[datatable-help] Idea/feature request

Mon Jun 27 19:54:27 CEST 2011

There was a format error in one of the vignettes introduced last week
and fixed a few days ago, but R-Forge daily build hasn't caught up yet.
Most likely, anyway. If build on R-Forge isn't ok tomorrow, then it's
something else.
Matthew

On Mon, 2011-06-27 at 14:03 +0200, Andreas Borg wrote:
> For some reason I am not able to install the latest version, so I cannot 
> test it right now. Anyway, it looks great. Thanks!
> 
> Andreas
> 
> Matthew Dowle schrieb:
> > Andreas, Steve,
> >
> > Committed.

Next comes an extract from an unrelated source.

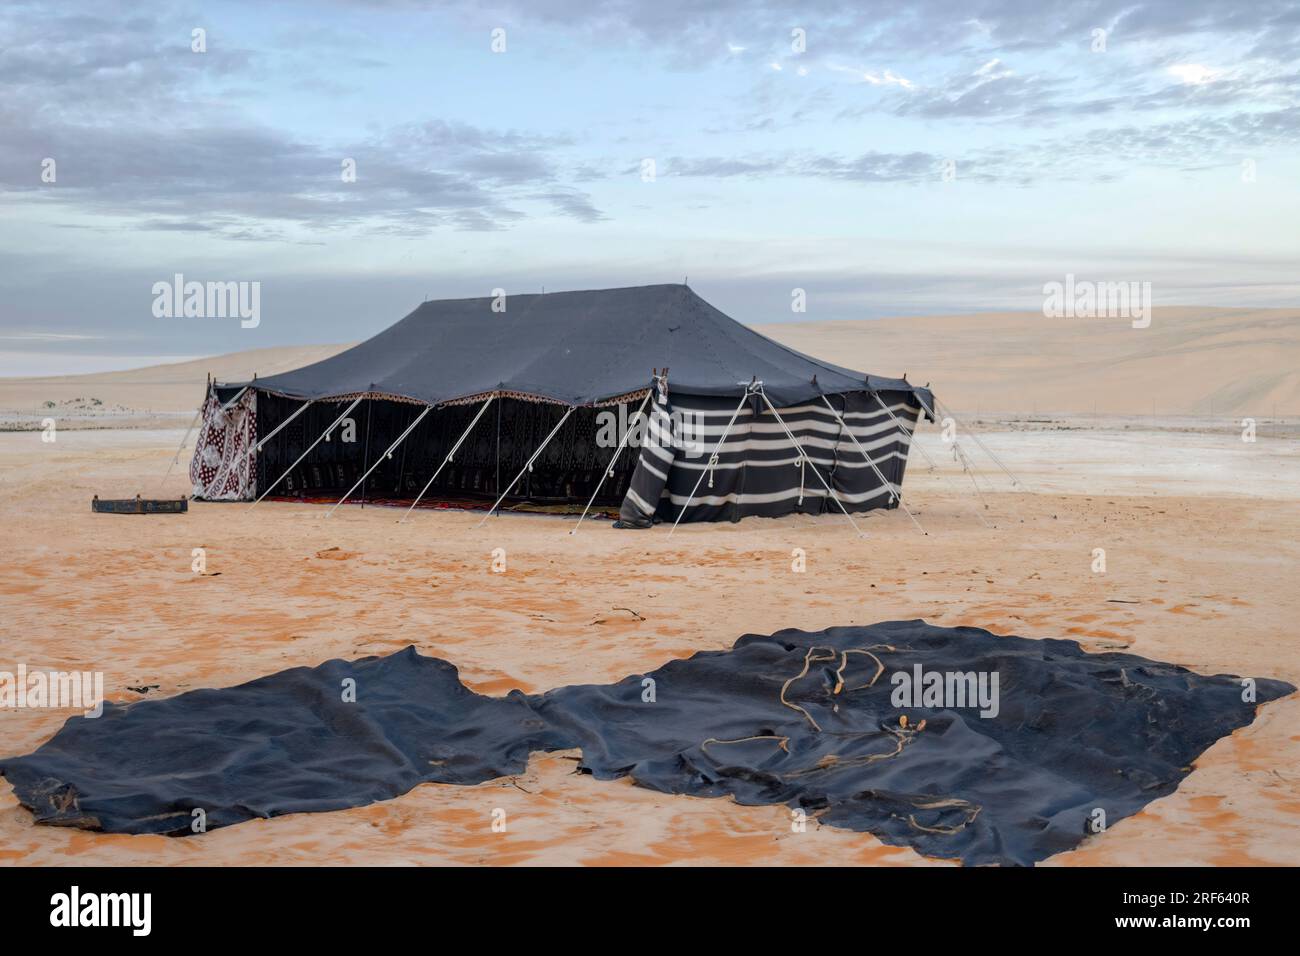 Tent in the desert, south inland sea of Doha, Qatar Stock Photo

Please test and confirm if it satisfies all needs ok?
> >
> > o    A new symbol .BY is available to j, containing 1 row
> >      of the current 'by' variables, type list. 'by' variables
> >      may also be used by name and they are now length 1, too.
> >      This implements FR#1313.
> >      For example :
> >           DT[,sum(x)*.BY[[1]],by=y]
> >           DT[,sum(x)*.BY[[1]],by=eval(byexp)]
> >           DT[,sapply(.SD,sum)*y,by=y]
> >           DT[,sapply(.SD,sum)*.BY[[2]],by=list(y,z)]
> >
> > Matthew
> >
> >
> >
> > On Wed, 2011-05-11 at 10:24 +0200, Andreas Borg wrote:
> >   
> >> Hi Steve,
> >>
> >>     
> >>> Now that you've brought this back up, what do you think you would
> >>> prefer? For example, using my (admittedly contrived) original example:
> >>>
> >>> result <- some.big.data.table[, by=list(colA, colB), {
> >>>  ## Sometimes I want to know what the current values of
> >>>  ## colA and colB are in here to get some more info. Mabye
> >>>  ## we can have .BY:
> >>>
> >>>  xref <- more.data[J(.BY[1], .BY[2]), mult='all'] ## or something
> >>>  ## ...
> >>> }]
> >>>
> >>> Should it be `J(.BY[1], .BY[2])` or is something like `J(colA, colB)`
> >>> more natural, you think?
> >>>
> >>>   
> >>>       
> >> 'J(colA, colB)' is perfect if you know the column names in advance. This 
> >> is not true in my case. I created a minimal example for a possible 
> >> application for a '.BY' construct:
> >>
> >>  > dt <- data.table(x=c(0,1,0,1), y=c(1,0,1,0))
> >>  > dt
> >>      x y
> >> [1,] 0 1
> >> [2,] 1 0
> >> [3,] 0 1
> >> [4,] 1 0
> >>
> >>  From this table, I want the row sum for each group, i.e. "select x + y 
> >> from dt group by x, y" in SQL. This would be:
> >>
> >>  > setkey(dt, x, y)
> >>  > dt[,sum(x[1], y[1]), by=list(x,y)]
> >>      x y V1
> >> [1,] 0 1  1
> >> [2,] 1 0  1
> >>
> >> But what if dt can have an arbitrary number of (grouping) columns with 
> >> arbitrary names? If the grouping columns are given as
> >>
> >> groupCols <- c("x", "y")
> >>
> >> , the following is possible:
> >>
> >>  > expr <- parse(text = sprintf("sum(%s)", paste(groupCols, "[1]", 
> >> sep="", collapse=", ")))
> >>  > dt[,eval(expr), by=groupCols]
> >>      x y V1
> >> [1,] 0 1  1
> >> [2,] 1 0  1
> >>
> >> Now, this is certainly uglier than
> >>
> >>  > dt[, sum(.BY), by = groupCols]
> >>
> >> My actual application is that I apply decision tree models (rpart) to a 
> >> large number of binary patterns. In order to save computation time, I 
> >> classify each distinct pattern only once. So what I basically do is to 
> >> group by all attributes and apply the model once to each group.
> >>
> >> Andreas
> >>
> >>     
> >
> >
> >
> >   
> 
>